Adamson was educated at the Walford Anglican School for Girls and the University of Adelaide, where she received a Bachelor of Economics. In 1984 she was the first female captain of the Adelaide University Boat Club.

Career

Diplomatic career
Adamson joined the Australian Public Service in 1985. She was an economist at the Australian Consulate-General in Hong Kong from 1987 to 1991, before moving to London where she worked at the Australian High Commission to the United Kingdom  as a political counsellor for five years. She returned to Australia to work for the Department of Foreign Affairs in Canberra from 1998 until 2000, and then moved to Taipei where she was Representative to the Australian Commerce and Industry Office for five years. She returned to London as Deputy High Commissioner to the United Kingdom from 2005 until 2008.

While in London, Adamson met Foreign Minister Stephen Smith, who asked her to become his Chief of Staff. She took the role on condition that she could manage her young family, and that as a "career diplomat" she would not get involved in politics. When Smith moved to the Defence portfolio, she went with him.

Between 2011 and 2015, Adamson held the post of Australian Ambassador to the People's Republic of China, the first woman in the position. During her time there, the China-Australia Free Trade Agreement was negotiated and she has been credited with pushing the idea of partnership with the newly appointed Xi Jinping, allowing the "political and diplomatic relationships" between the two countries to "finally" catch up with the economic one.

In 2015, Adamson was appointed a foreign policy adviser to Prime Minister Malcolm Turnbull.

On 20 July 2016, she was appointed Secretary of the Department of Foreign Affairs and Trade (DFAT); the first female Secretary to be appointed to the portfolio. 

Adamson served as the ACT Division of the Institute of Public Administration President from 2017 to 2019 and outlined her views on public service in her final speech as President.
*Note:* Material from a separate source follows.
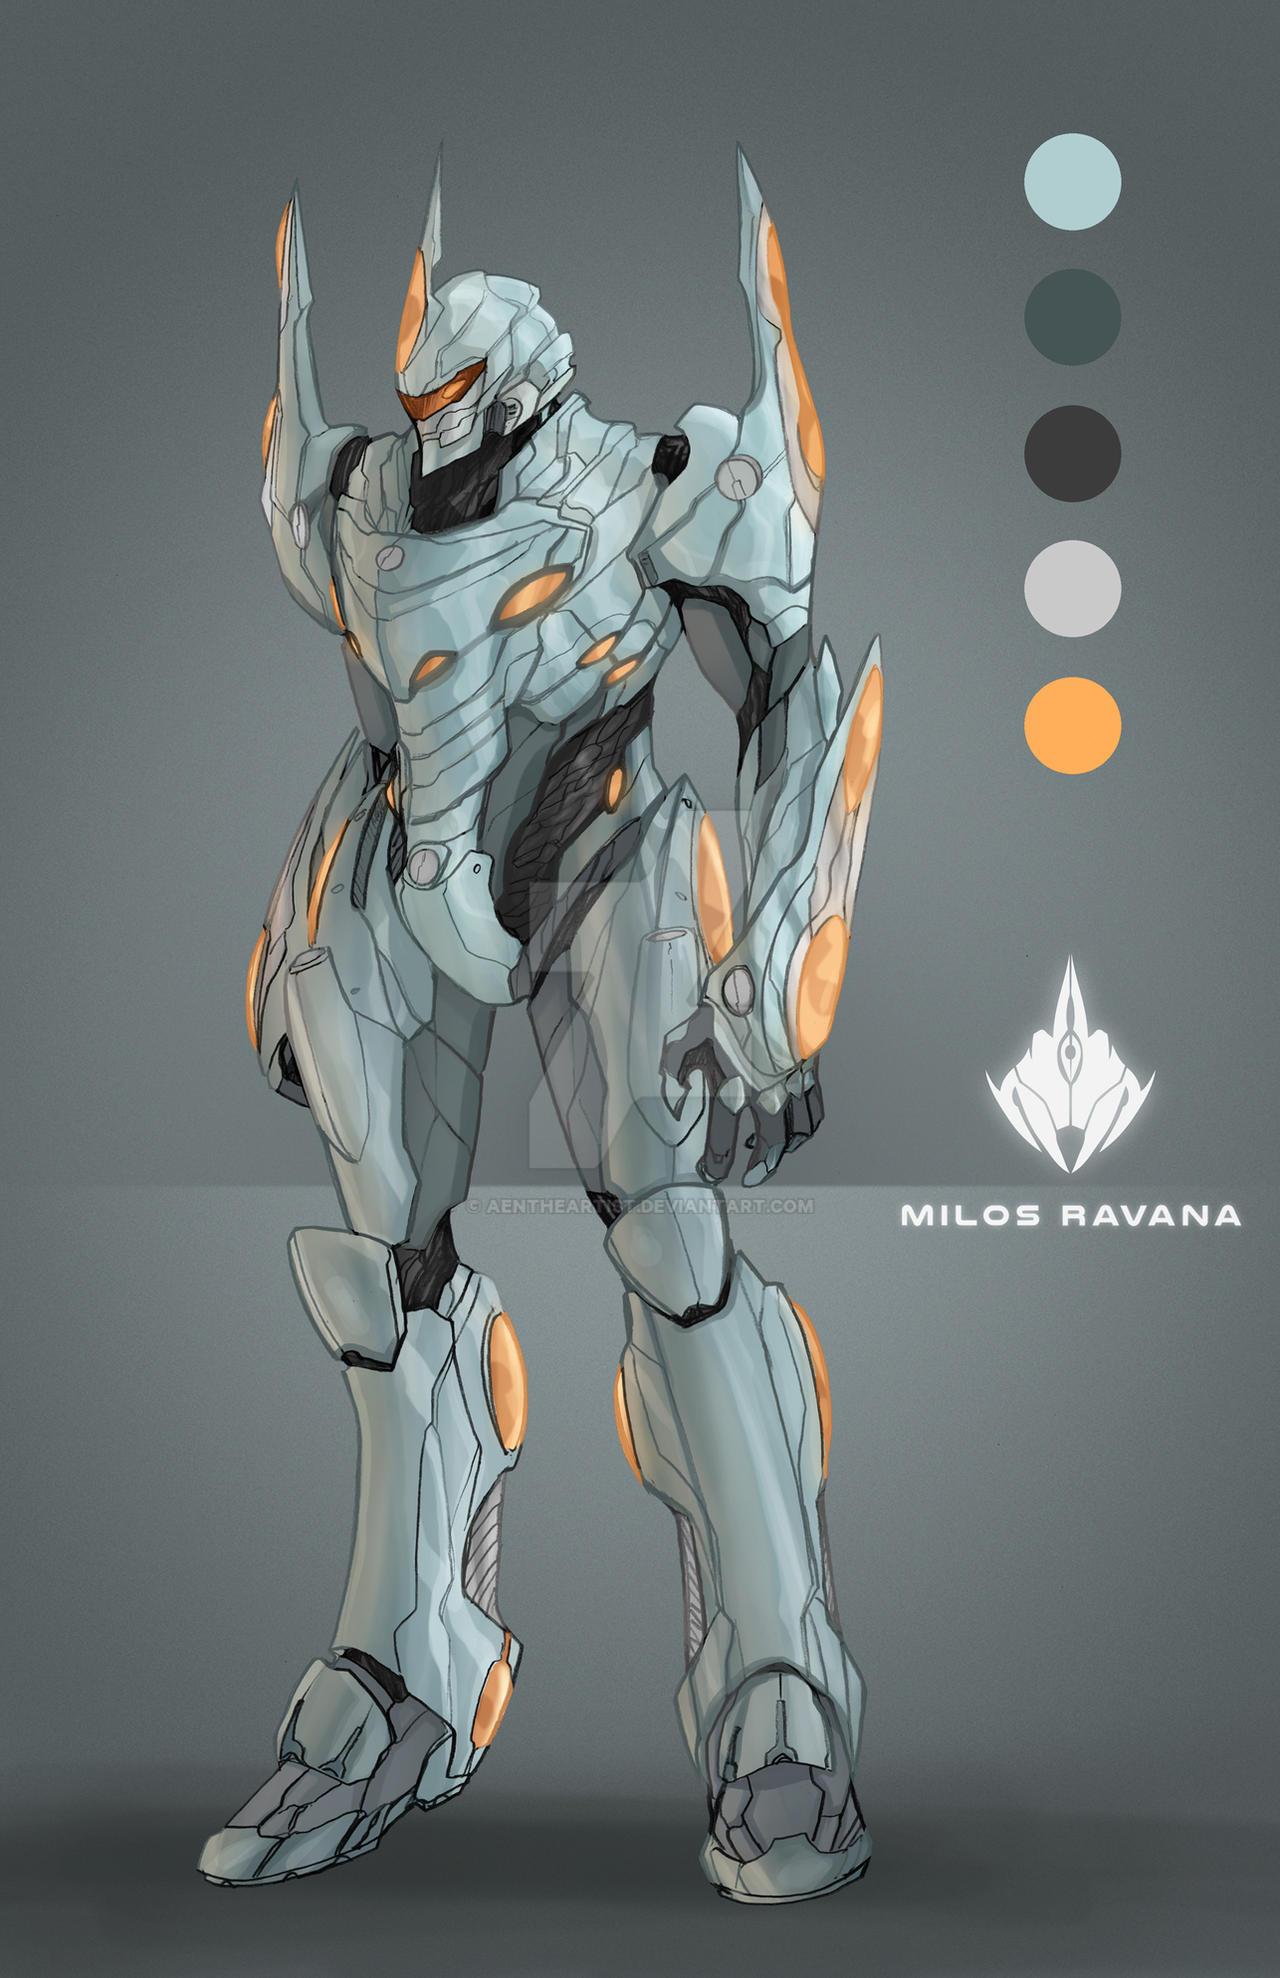 the armor of god milos ravana v2 0 by aentheartist on deviantart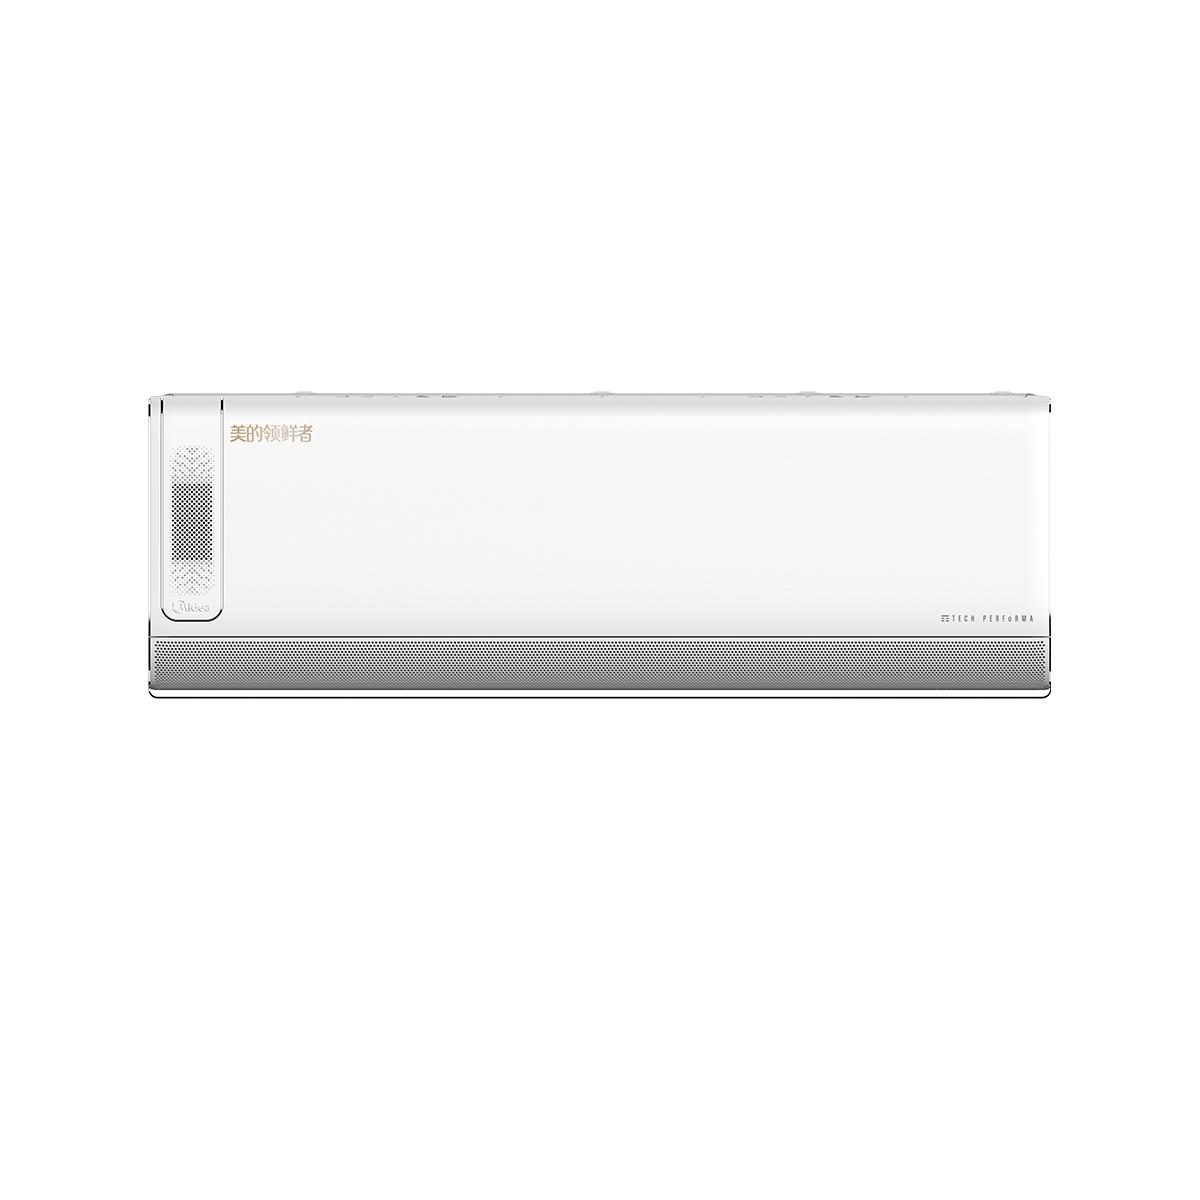 Midea/美的 KFR-26GW/BP3DN8Y-KW200(B1)家用空调套机 说明书.pdf

She was made a National Fellow of IPAA in 2019.

Governor of South Australia
On 19 May 2021, it was announced by Premier Steven Marshall that Adamson would be succeeding Hieu Van Le as Governor of South Australia in October 2021.  Following her nomination for Governor of South Australia, Adamson retired from the public service in June 2021. Foreign Minister Marise Payne said Adamson was one of "Australia's most accomplished and respected public servants and diplomats" and Marshall said her "wealth of knowledge on the international stage will put South Australia in good stead as we continue to put South Australia on the global map."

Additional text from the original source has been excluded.